Tatar wrote:
this isn't lack of acceptance wrote:
No one is suggesting that transgender athletes should be banned from competing. People are suggesting that classifications should be based on sex rather than gender. Requiring someone to compete as a male because their sex is male is not equivalent to banning them from competition.
It absolutely does ban transgender athletes. Trans men with XX chromosomes and receiving hormone therapy are banned from women's competition. They are also banned from men's because of the lack of a Y chromosome.
What you say is not true.
In most jurisdictions in the US, XX athletes taking exogenous T would be barred from female scholastic & other sports because taking T is against long-established anti-doping rules. But in the US in recent years, a number of XX athletes taking T coz they "identity as" the opposite sex have been allowed to participate in boy's/men's sports.
These athletes haven't made headlines the way XY athletes competing in female sports have because even on high-dose exogenous T, XX athletes do not perform at a level comparable to XY athletes. They gain advantages compared to other XX athletes, but not so much advantage as to put them on equal footing with - or pose a competitive threat to - XY athletes.
There was a case in Texas a few years ago where HS wrestler Mack Beggs, a female who "identifies a" male, was not allowed to compete in boys' wrestling, and so competed against - and trounced - all the girls in the state whilst taking T. But what happened in the Beggs case is not the norm in most states today. At Life University in Georgia, Beggs has been on the male wrestling roster since enrolling in 2018. However, there is no record that Beggs never has competed in a male meet.
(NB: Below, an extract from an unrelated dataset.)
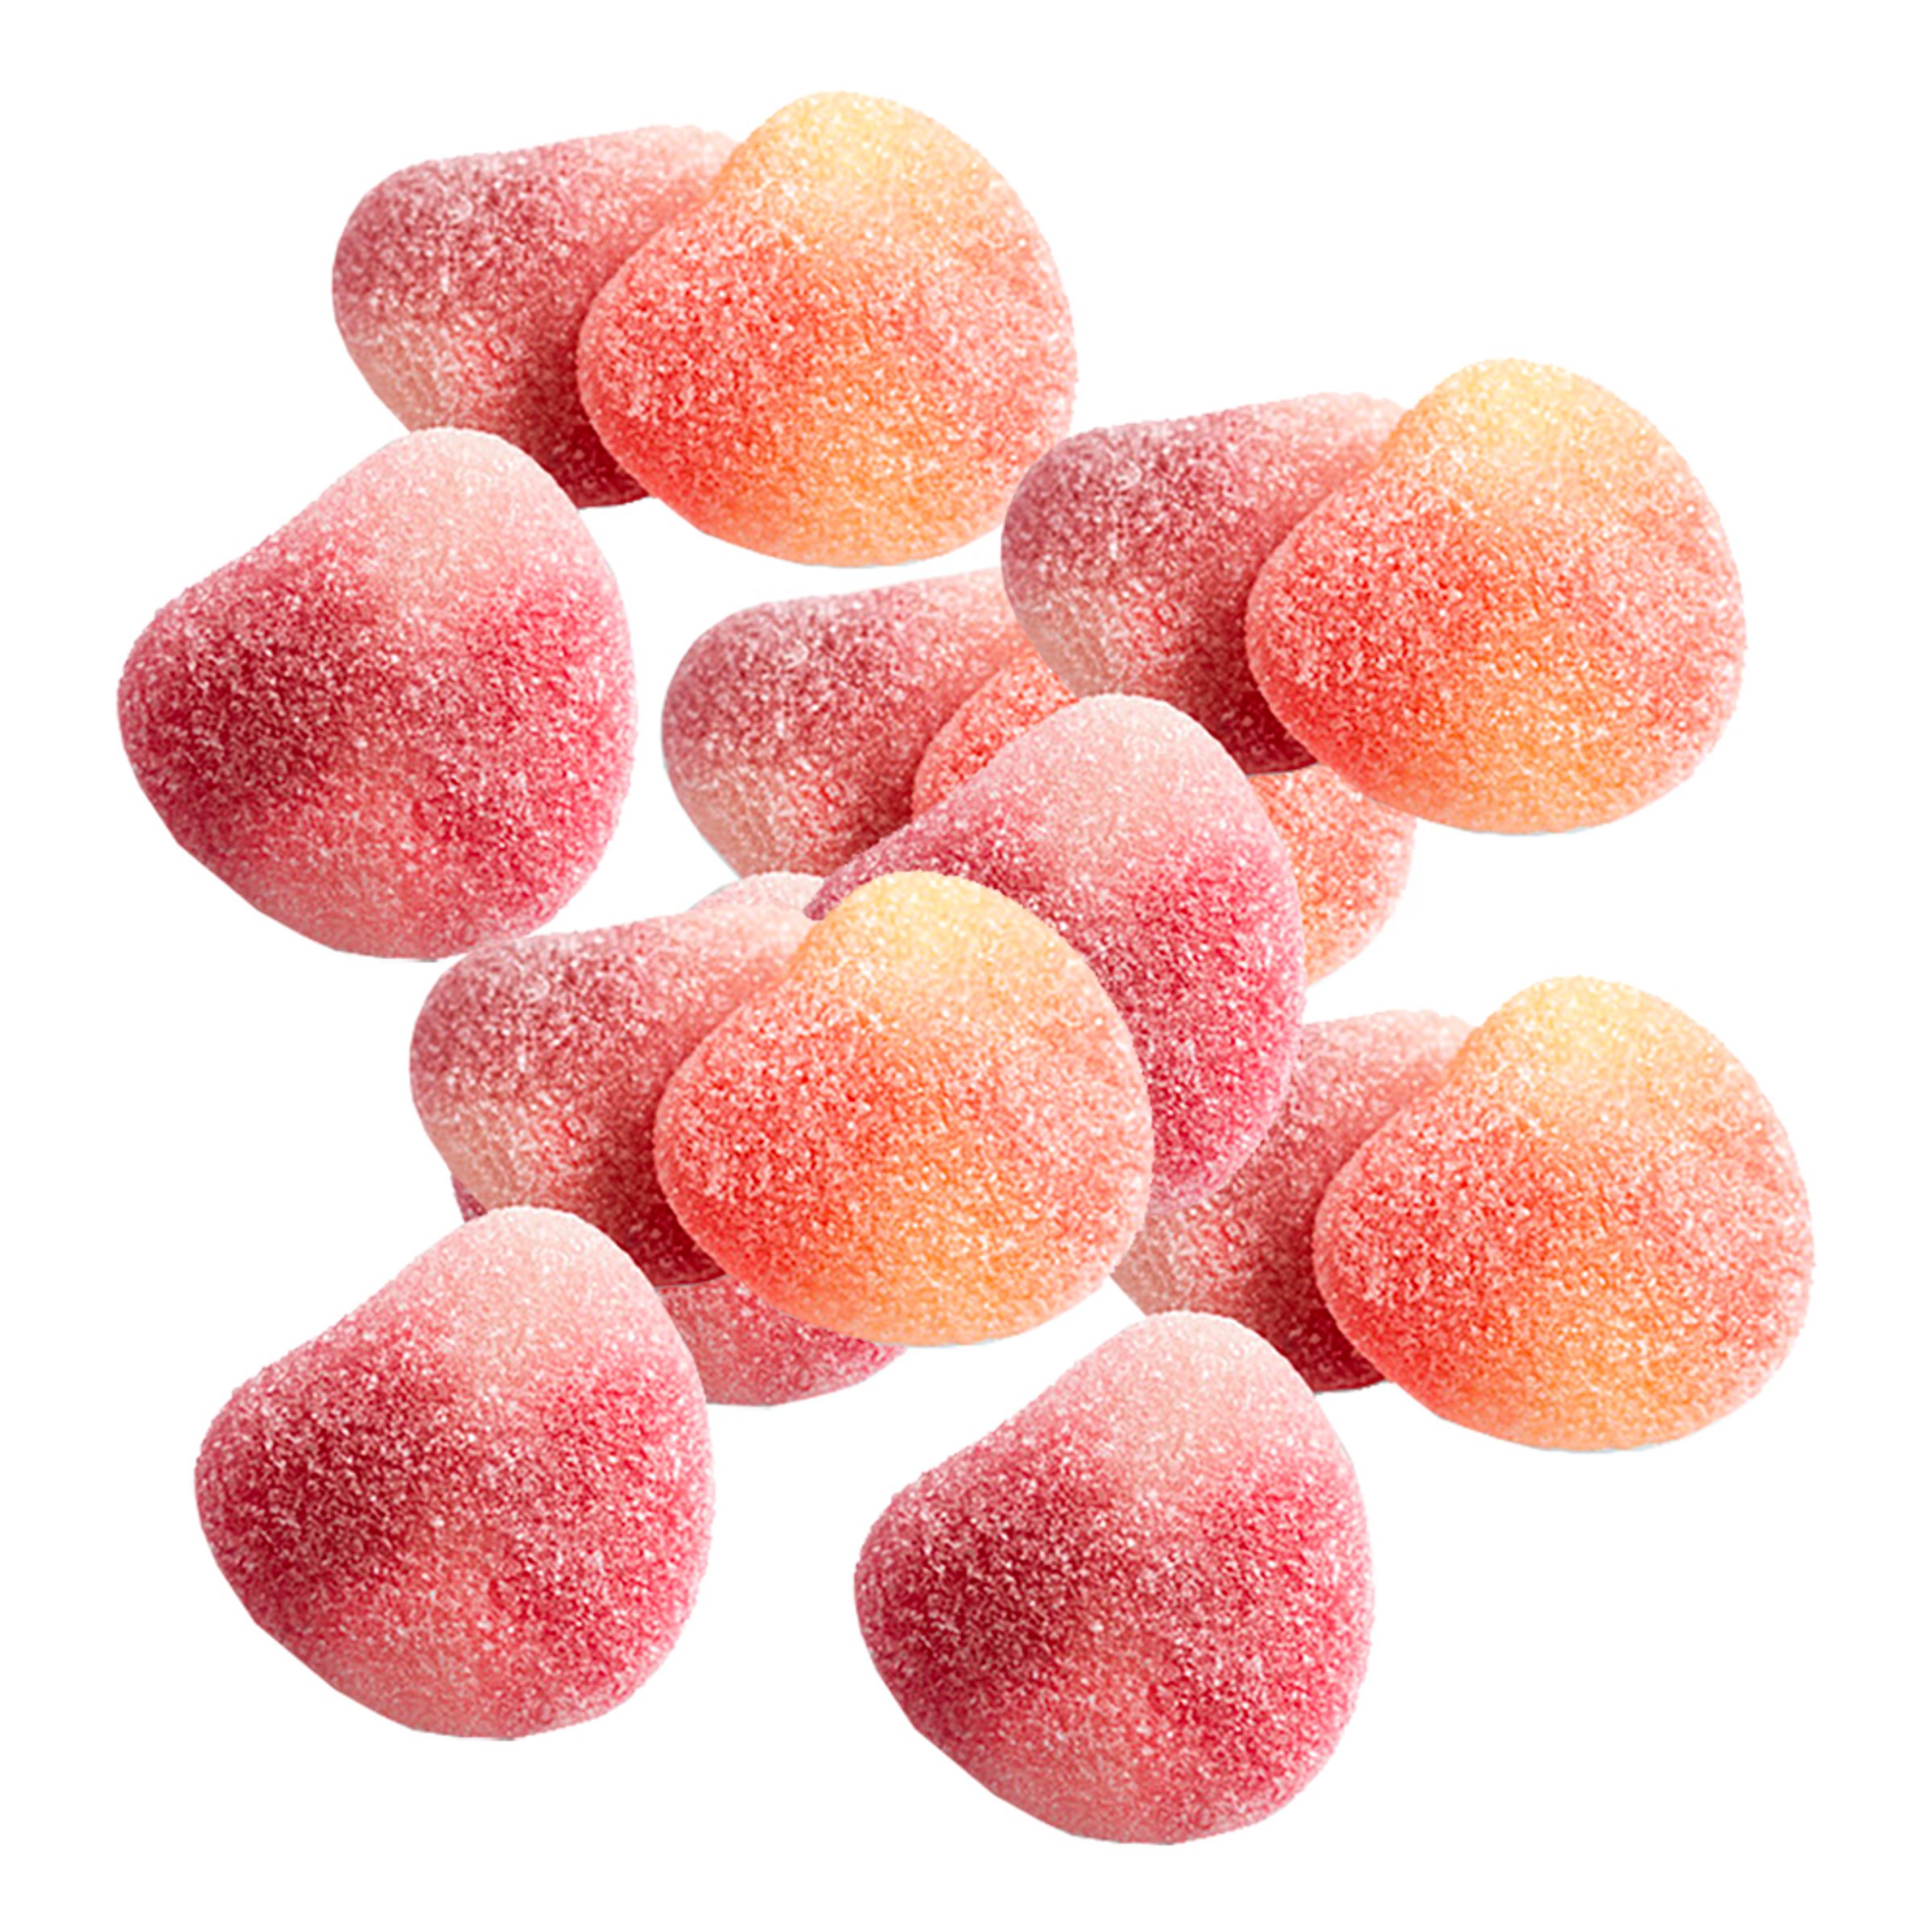 Persikor/Peaches i Storpack - 2,4 kg

The larger issue here is your claim that XX athletes are banned from men's sports "because they lack a Y chromosome." This suggests you think that sex chromosome testing proving possession of a Y chromosome - or more specifically the SRY gene that's usually on the Y and is now known to be what determines which of the two sex-development pathways a human zygote/embryo/fetus/person will go down - is required to participate in "men's" or "boys'" sports. But this is not and never has been the case in any sport , in any division or at any level, whether in school sports or sports outside of school. Not in the US, nor internationally.
Sex chromosome testing was only a requirement to determine eligibility to participate in elite level women's international sports from late 1967 through the mid-1990s, when after being challenged and sued by XY DSD athletes competing in female sports the IAFF and IOC backed off & abandoned mandatory buccal swab sex chromosome testing of athletes competing as females entirely. Which opened the door for many countries to enter an unusually high number of XY DSD athletes in women's elite competition in the ensuing years.
Like most parents, I had to provide my kids' birth certificates and other documentation, such as proof of address and medical forms signed by a licensed HCP, when enrolling them in school and registering them for various sports programs. But no one ever asked to to prove they have - or don't have - a Y chromosome. In fact, no one ever inquired if they'd ever undergone sex chromosome testing at all, be it in utero or afterwards.